As for church control of members, De la Torre said that La Luz del Mundo closely supervises the community in Hermosa Provincia, requiring individuals to seek permission from church members known as "guardians" to travel or study outside the area. The guardians monitor attendance at daily religious services and contributions by members, who are required to donate at least 10% of their salaries.

But La Luz del Mundo churches outside Guadalajara are not as strict, De la Torre said.

A Counterattack Against Church's Foes

Stung by the attacks, La Luz del Mundo is fighting back. In a rare appearance recently at the church's modernistic temple in Guadalajara--a building as tall as the planned Catholic cathedral in Los Angeles--Joaquin lashed out at his enemies.

"What do they want? To turn this temple we built into a dance hall, a home of prostitution!" he thundered. When he asked if the church would be destabilized by the accusations, the congregation cried, "No!"

Church members have published a book and made up posters attacking Joaquin's accusers. La Luz del Mundo representatives say critics are intolerant of their faith, which is based on a strict interpretation of the Bible and frequent attendance at religious services marked by singing, weeping and, sometimes, speaking in tongues.

"We think there's an effort to stop the growth of religious groups like ours," said Silva, the church spokesman.

It's hardly surprising that La Luz del Mundo would suspect it's being persecuted.

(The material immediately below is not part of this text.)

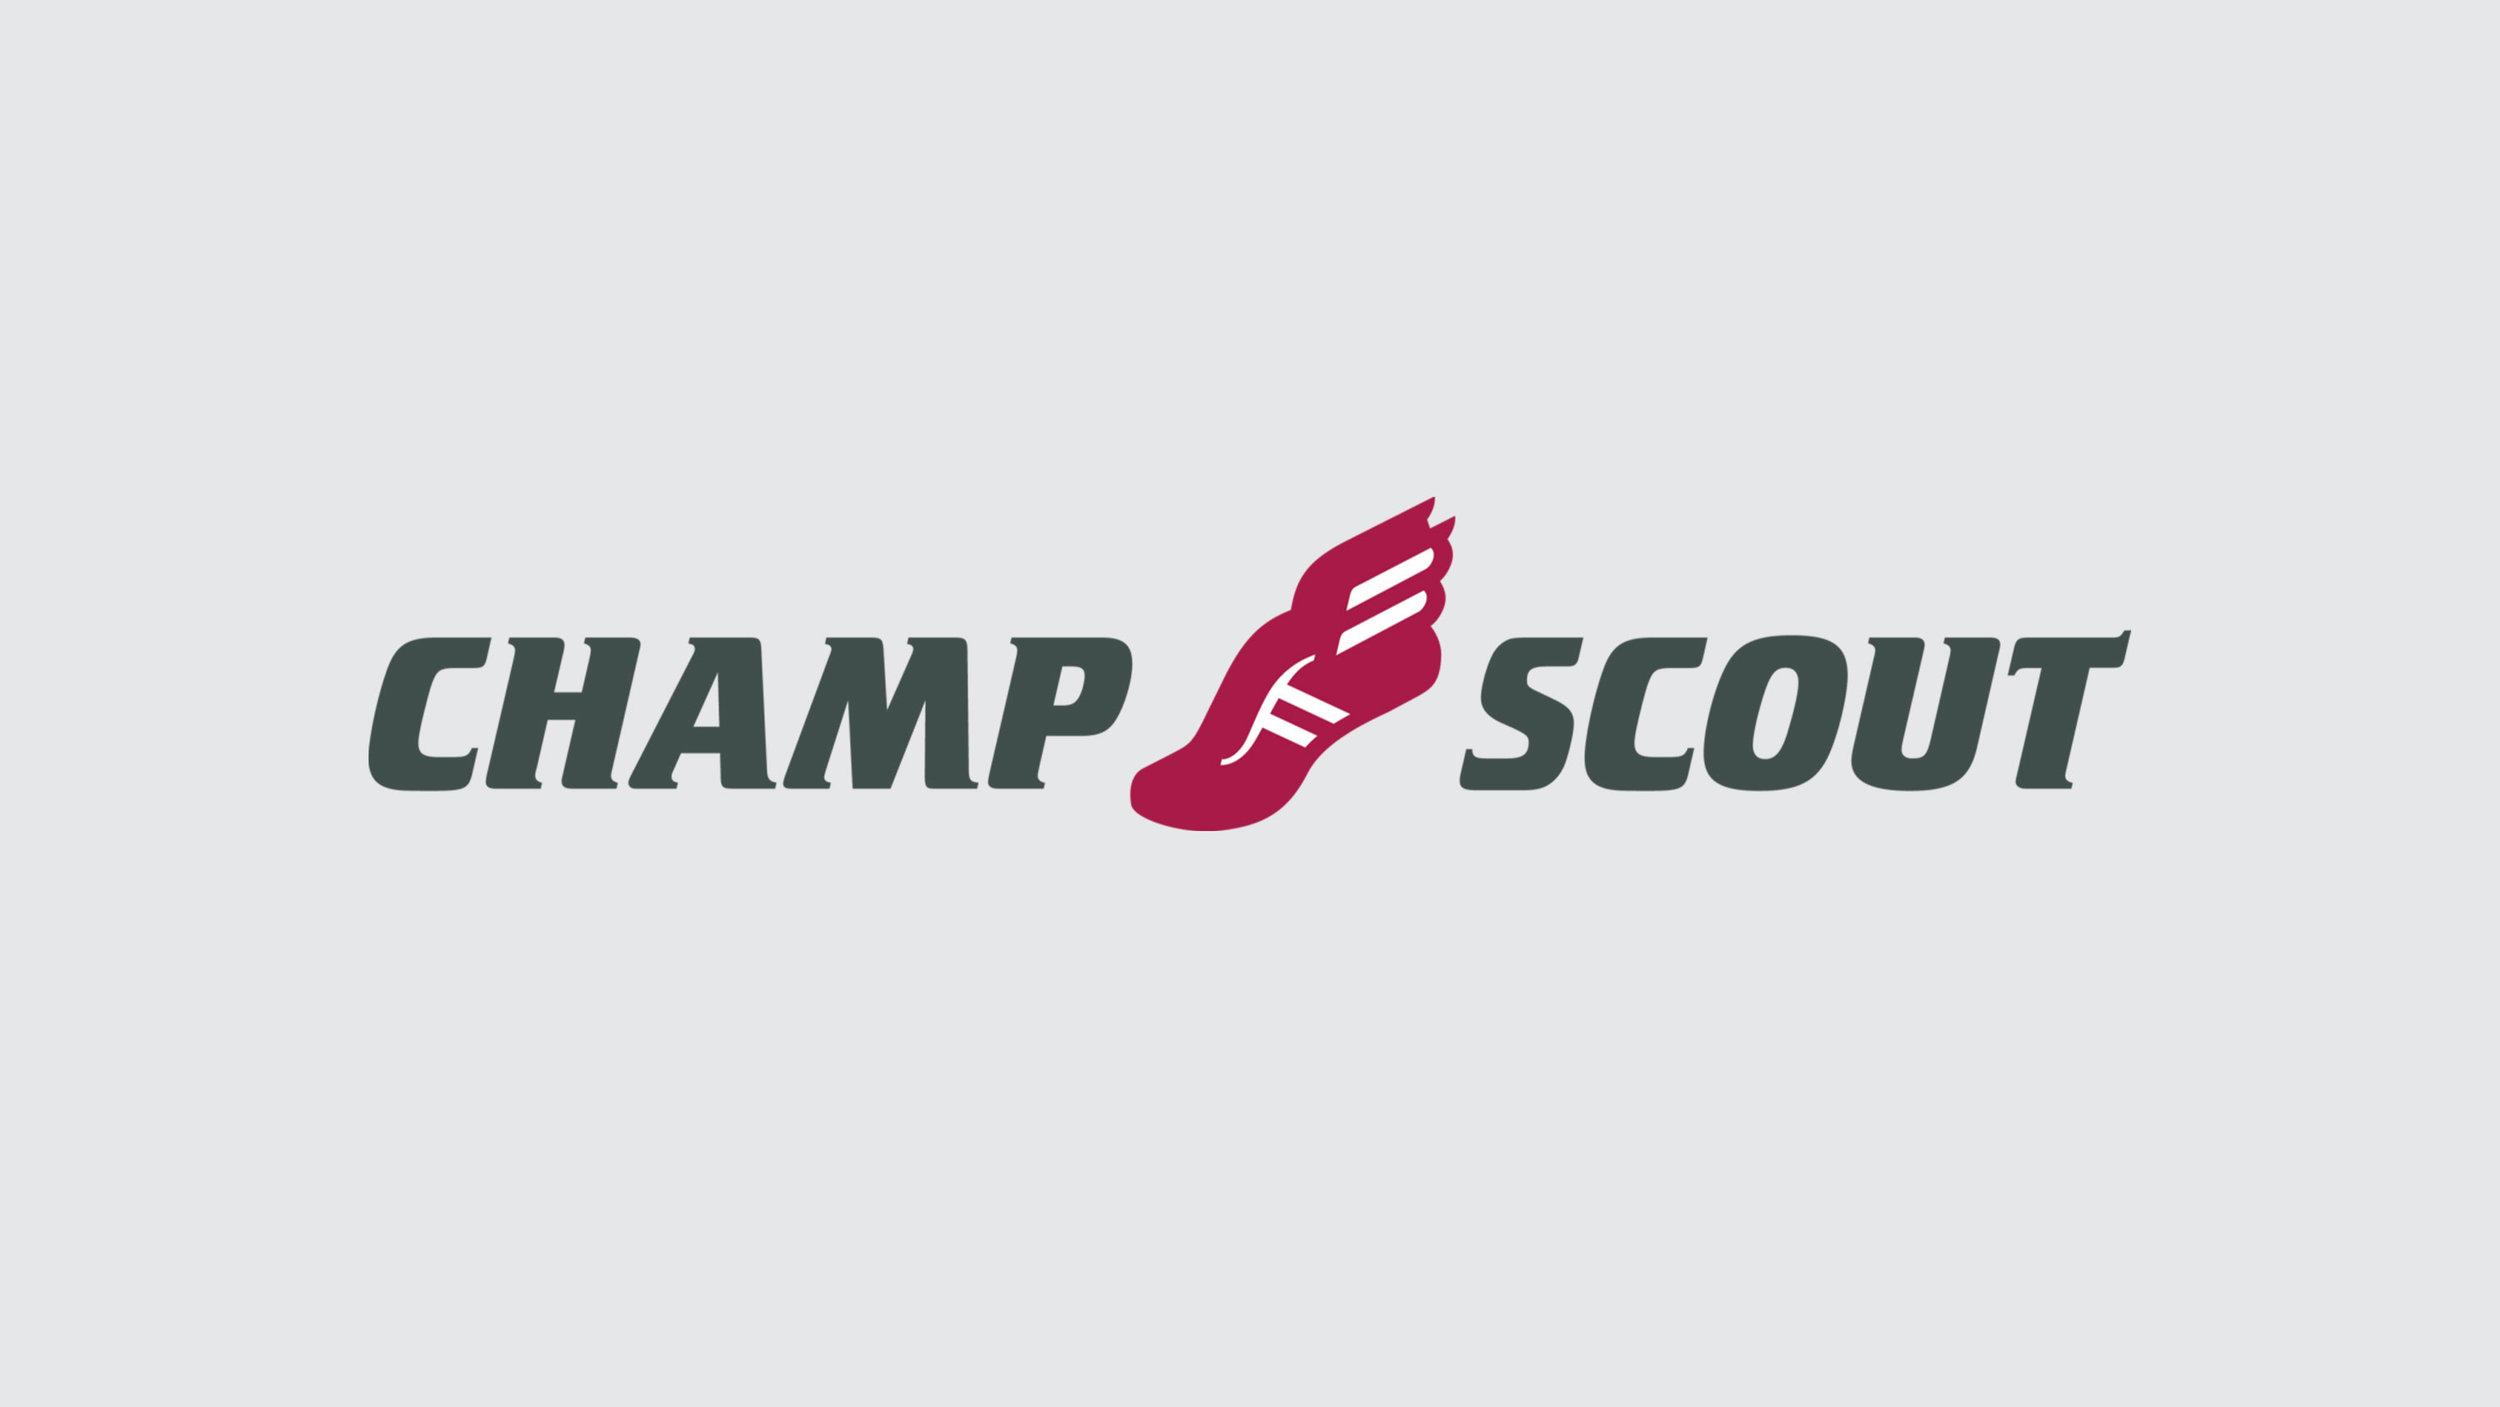 Champ-Scout.jpg

Mexico's Catholic Church, which counts about 85% of the population as members, has reacted with hostility to the rapid growth in recent years of evangelical churches, which it calls "sects." Membership in the small churches grew more than 50%, to 3.5 million, from 1980 to 1990, according to the latest available official figures.

"Sects, like flies, need to be gotten rid of," was the analysis of Girolamo Prigione, the Vatican's former envoy to Mexico.